* **YOUR TASK**: Only the lines from the one containing "Christmas tree tray" through the final line below belong in the output, copied exactly and without pictures.

* **RECORDED DATA**:

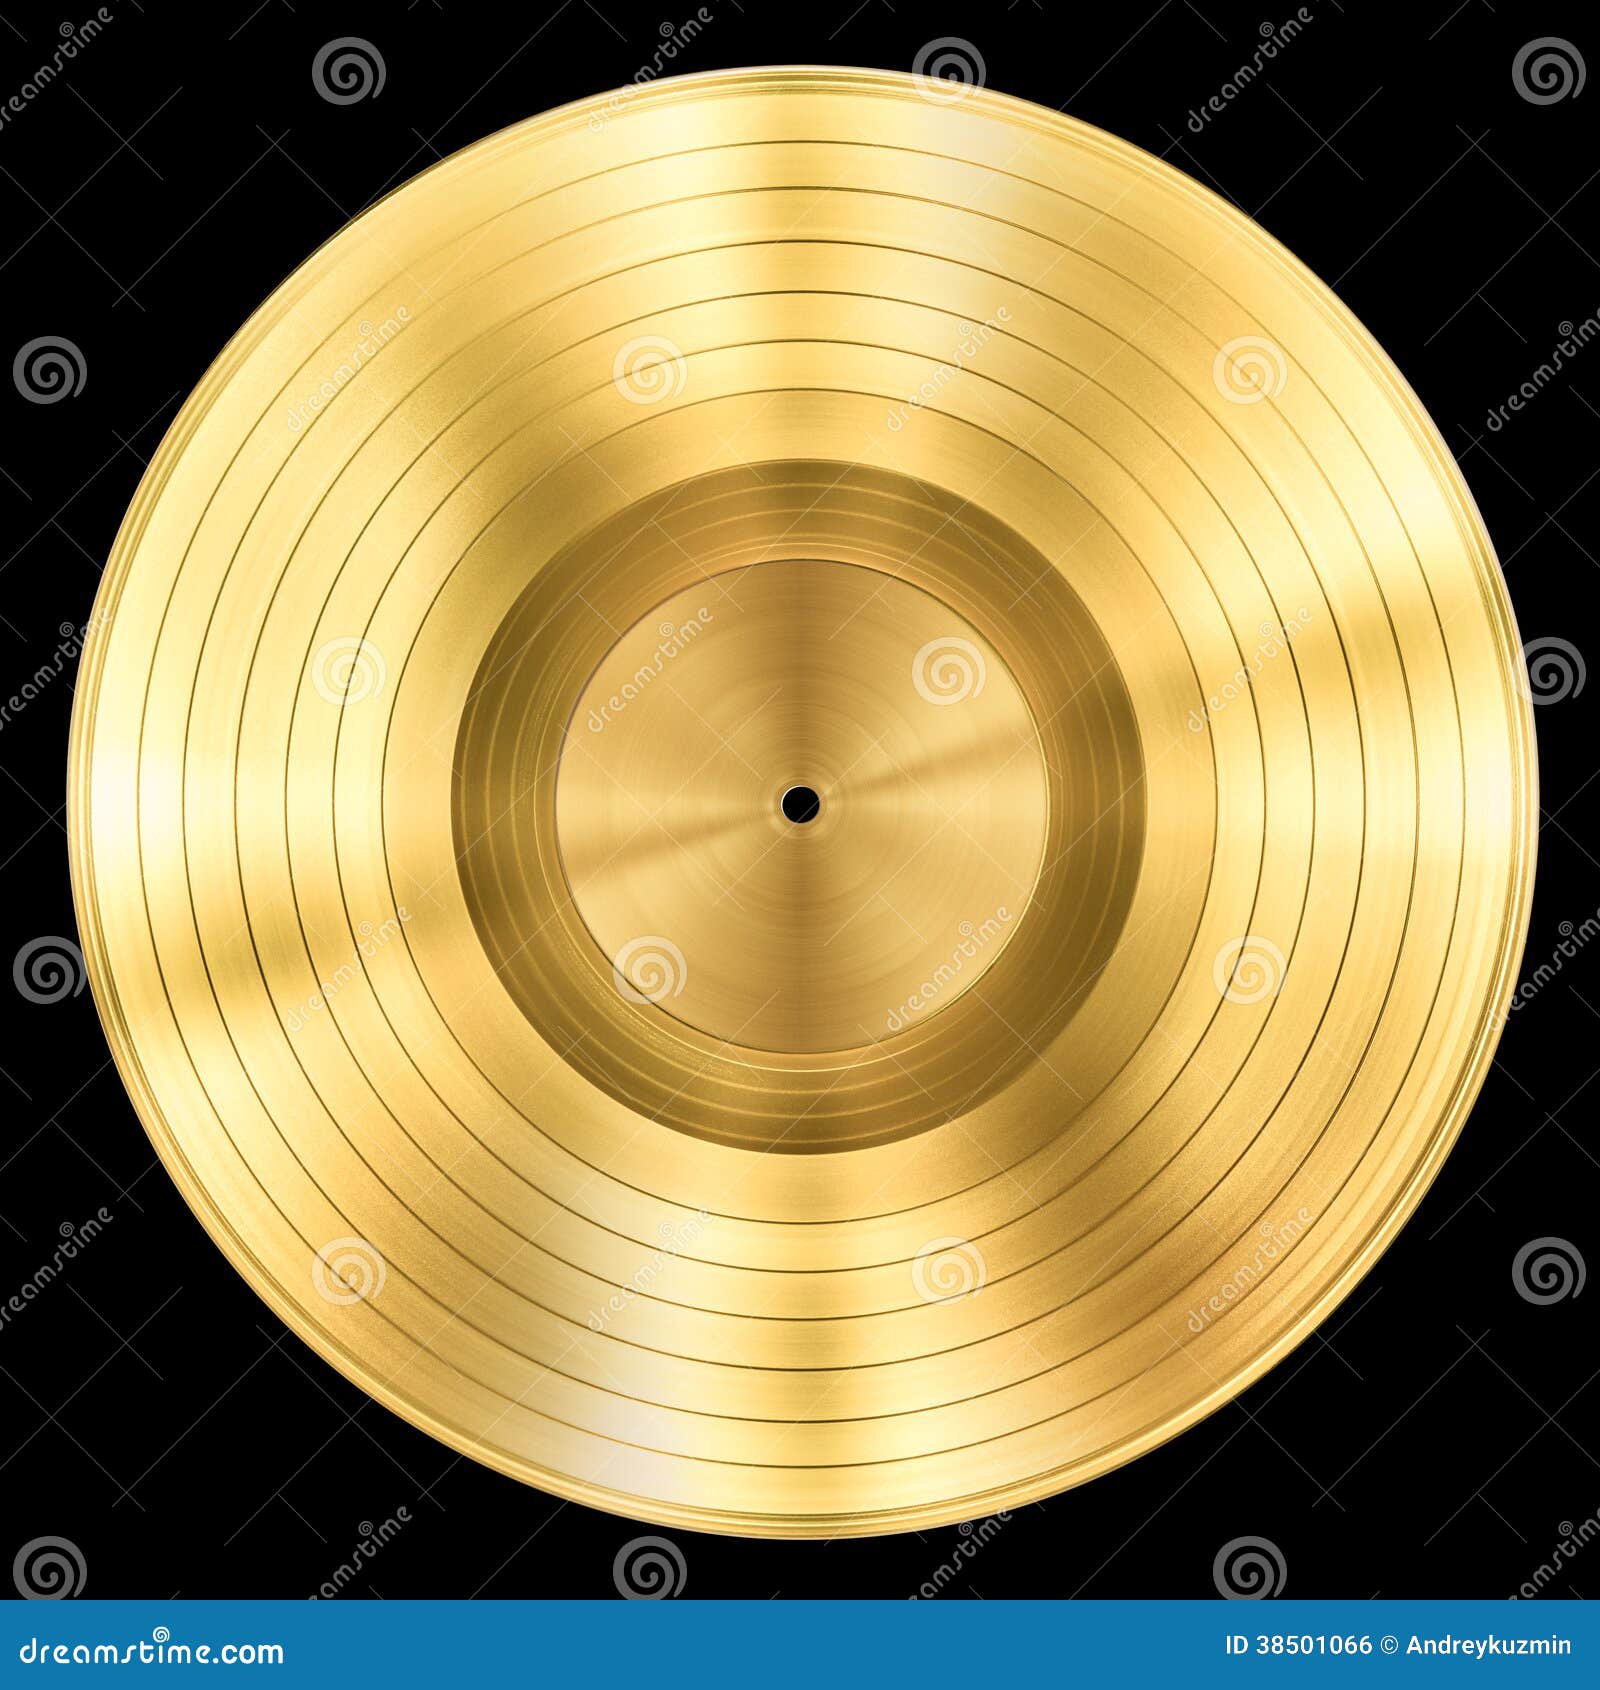 gold record music disc award 
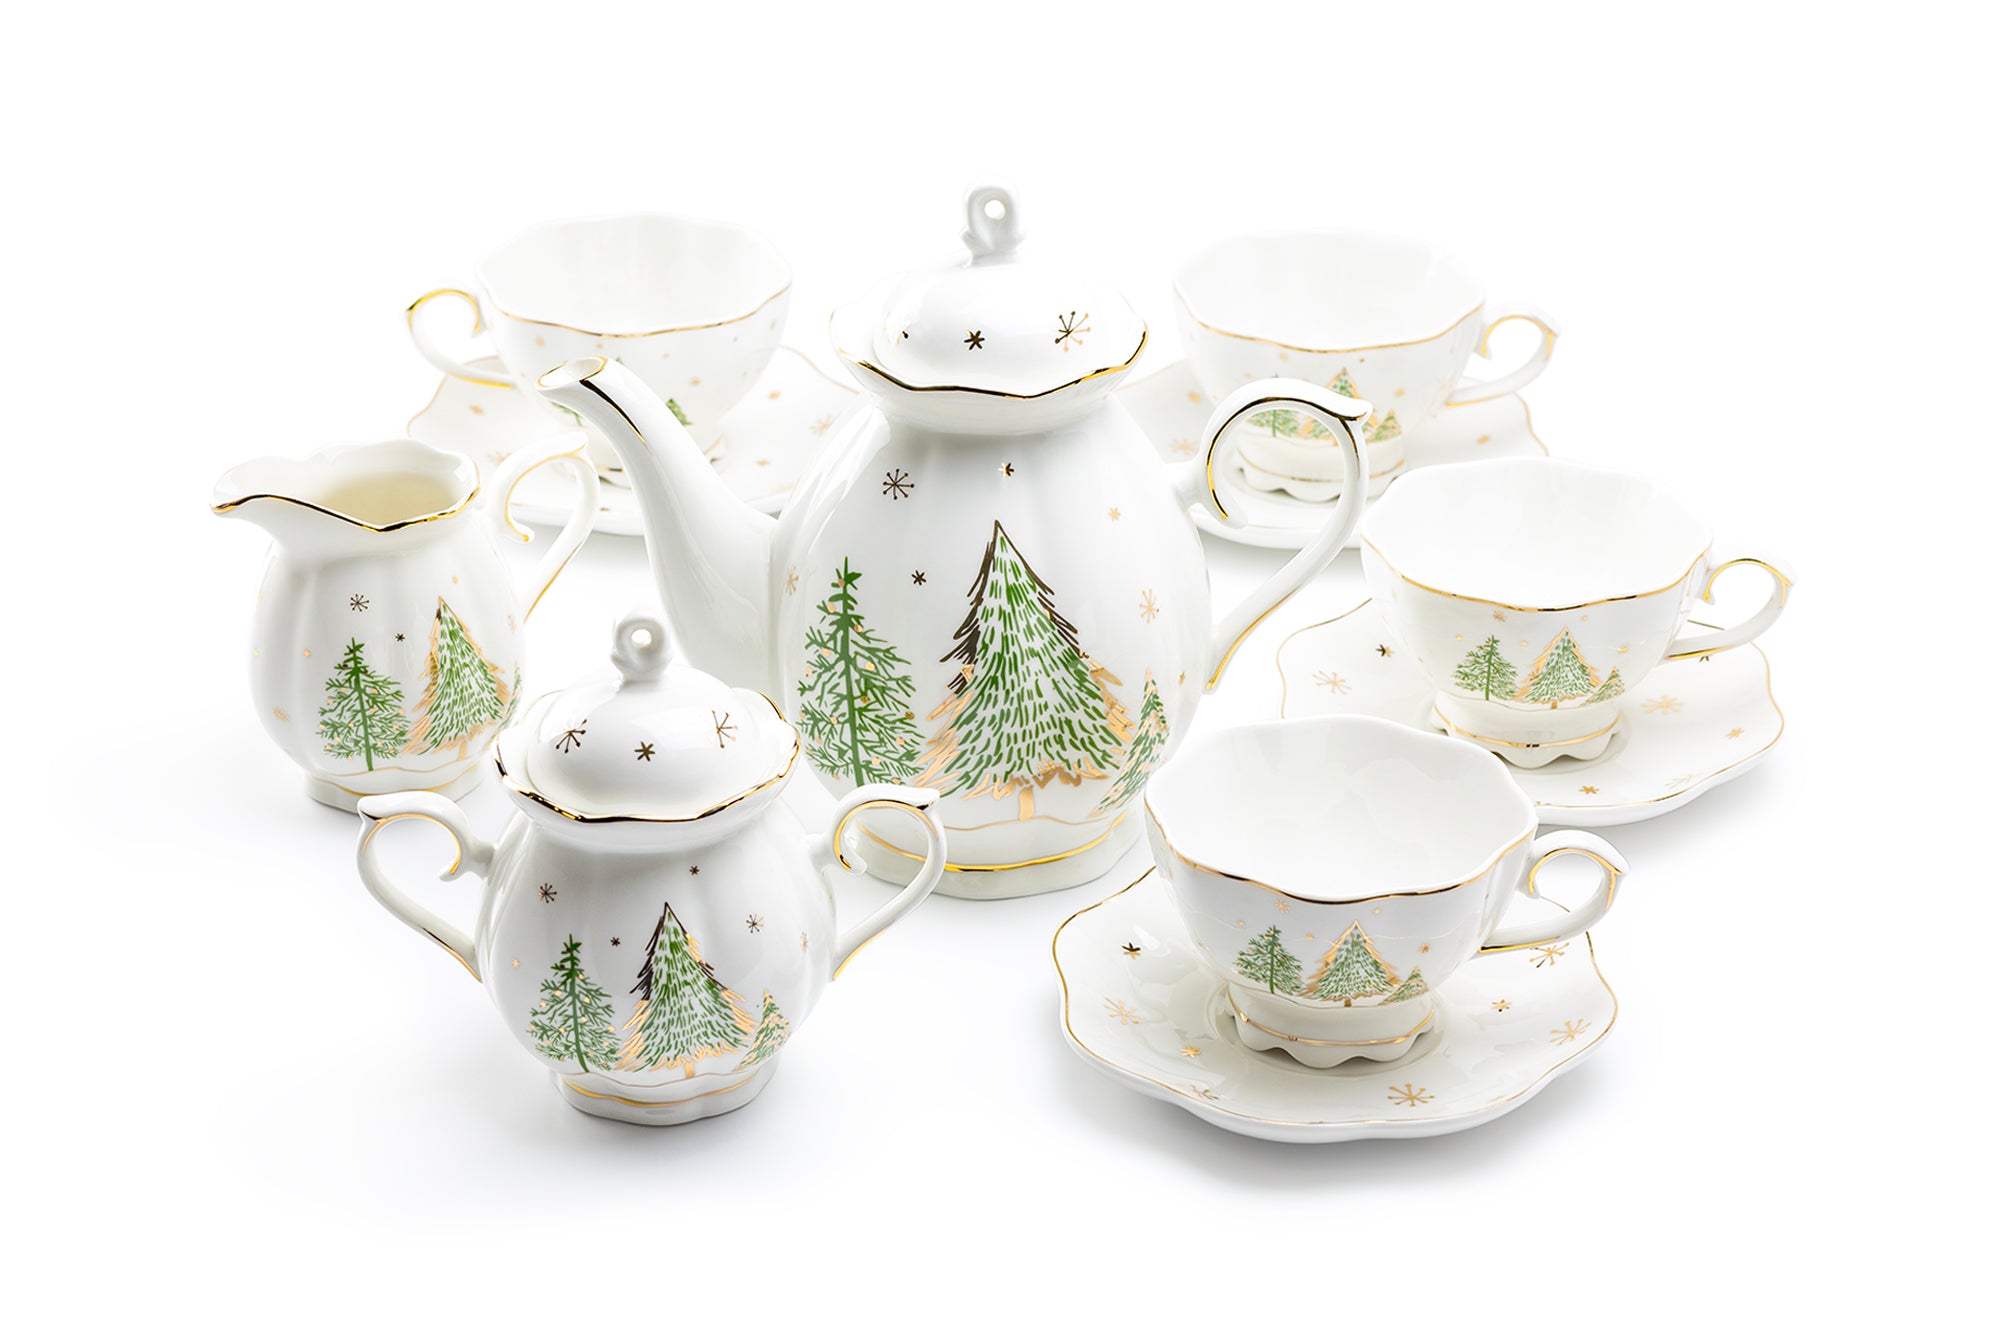 Christmas tree tray 30 x 25 cm, new bone china, EGAN - EGAN - EGAN  porcelain and ceramics - by Manufacturers or popular decors -  Dumporcelanu.cz - český a evropský porcelán, sklo, příbory
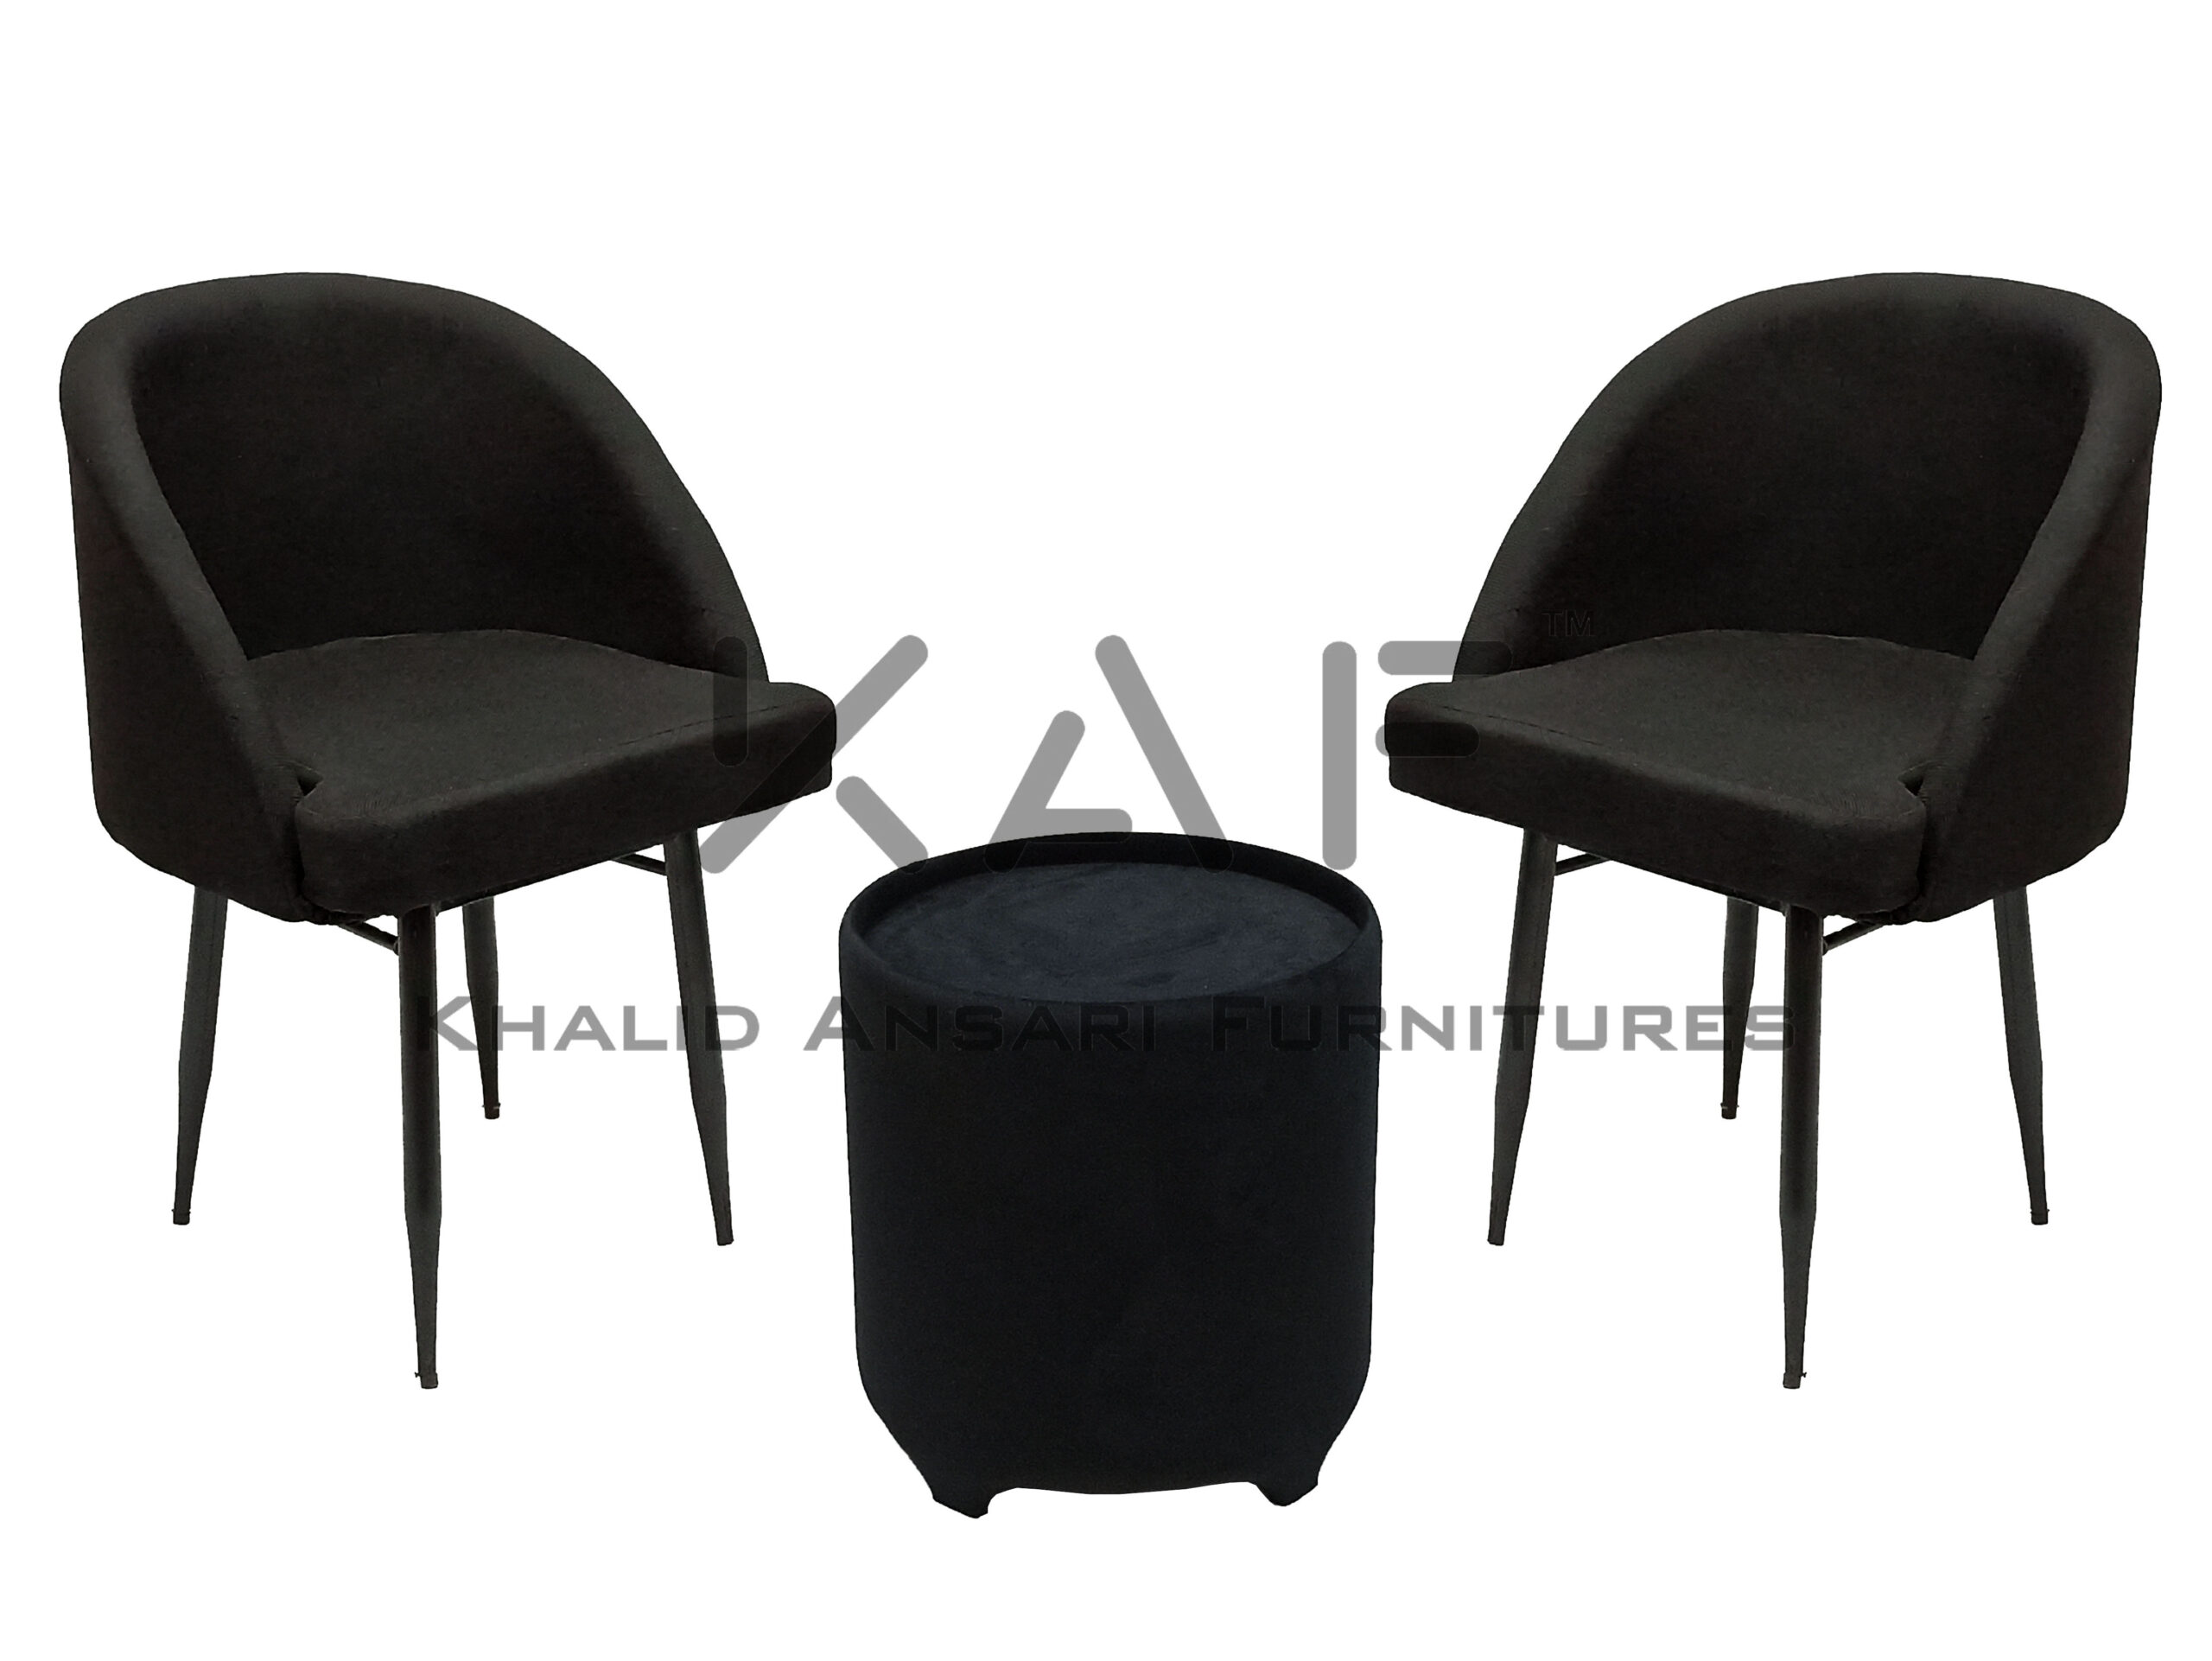 Bed Room Premium Chair Slope Arm Design Black Jute Fabric set with Black Velvet Tea Table - 2 Chairs + 1 Table

* **REPLY**:
 Christmas tree tray 30 x 25 cm, new bone china, EGAN - EGAN - EGAN  porcelain and ceramics - by Manufacturers or popular decors -  Dumporcelanu.cz - český a evropský porcelán, sklo, příbory
 Bed Room Premium Chair Slope Arm Design Black Jute Fabric set with Black Velvet Tea Table - 2 Chairs + 1 Table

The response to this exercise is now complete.